According to the power distribution equipment, the main body and the split bodies are arranged, so that when the power distribution equipment is applied outdoors, the split bodies can be detached from the main body, the split bodies can be placed indoors for use, influences of outdoor factors on the plug connector are reduced, for example, the water inlet risk of the plug connector is reduced, the working stability of the power distribution equipment is improved, and because the first relay is placed in the main body, the first relay can be directly connected to the first terminal and the second terminal, power lines are not required to be configured between the first relay and the first terminal and between the first relay and the second terminal, the number of the power lines is reduced, and the plug connector can be connected with the first relay only by one power line, so that the power distribution equipment is reduced in power line arrangement, wiring of the power distribution equipment is reduced, layout of the power distribution equipment is simplified, and meanwhile, the number of disconnecting and wiring when the split bodies are detached is reduced, and line replacement operation is facilitated.

In some embodiments, the split body comprises a box body, a cover body and a support frame, the box body defines a first chamber with a first opening, the cover body is detachably arranged on the box body to close or open the first opening, the support frame, the connector and part of the power transmission line are arranged in the first chamber, the support frame is arranged on one side of the box body close to the first opening, the split body further comprises a first binding post, the first binding post is connected with the connector and the power transmission line, and the part of the first binding post connected with the power transmission line is exposed on one side of the support frame facing the first opening.

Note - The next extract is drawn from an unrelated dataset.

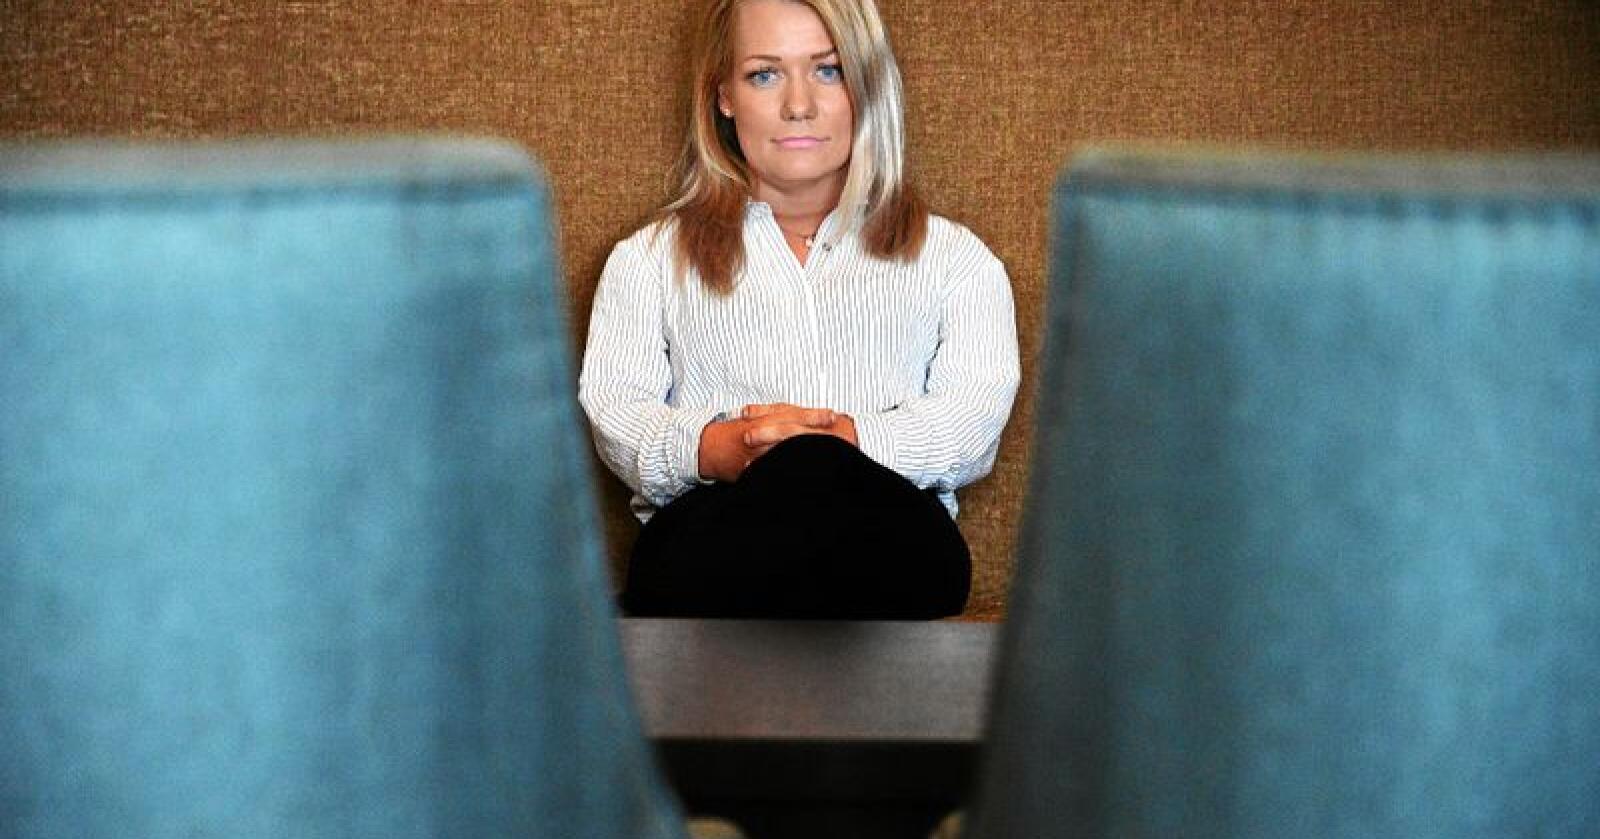 Stortingsrepresentant Sandra Borch (Sp). Foto: Siri Juell Rasmussen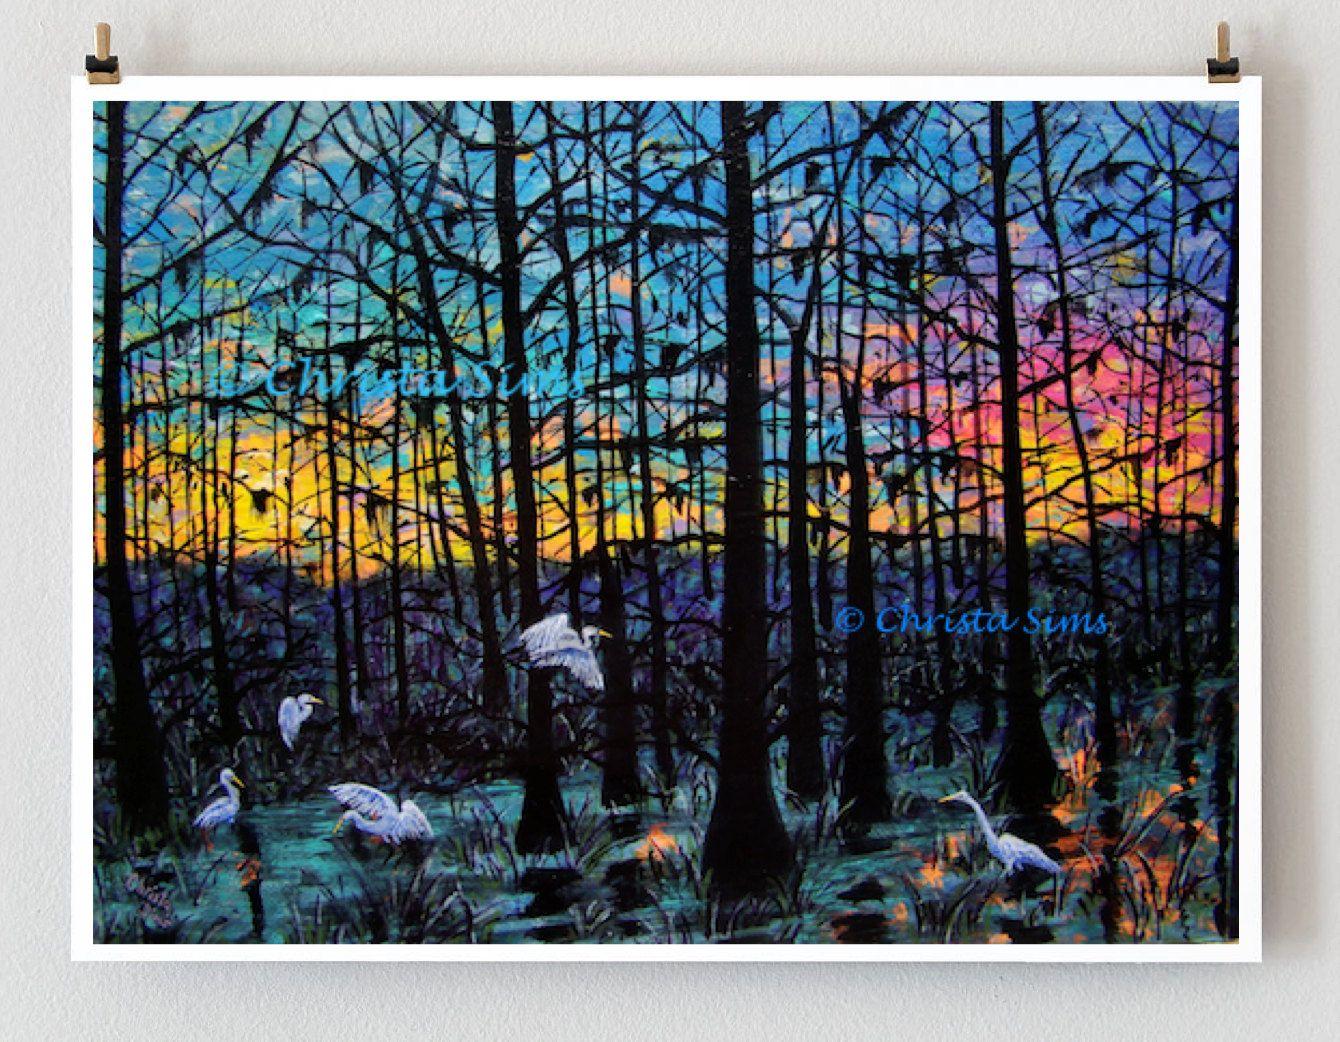 ideas-for-painting-art.jpg (1340×1042) | art ideas | Pinterest ...

In some embodiments, the main body includes a cabinet body, an insulating housing, and a cabinet door, the cabinet body defining a second chamber having a second opening, the cabinet door rotatably connecting the cabinet body to close or open the second opening, the insulating housing, the power distribution module, and the first relay being located in the second chamber, the first relay being located in the insulating housing, the main body further including a second terminal, one end of the second terminal being connected to the first relay, the other end being exposed at a side of the insulating housing facing the second opening, and being connected to the power transmission line.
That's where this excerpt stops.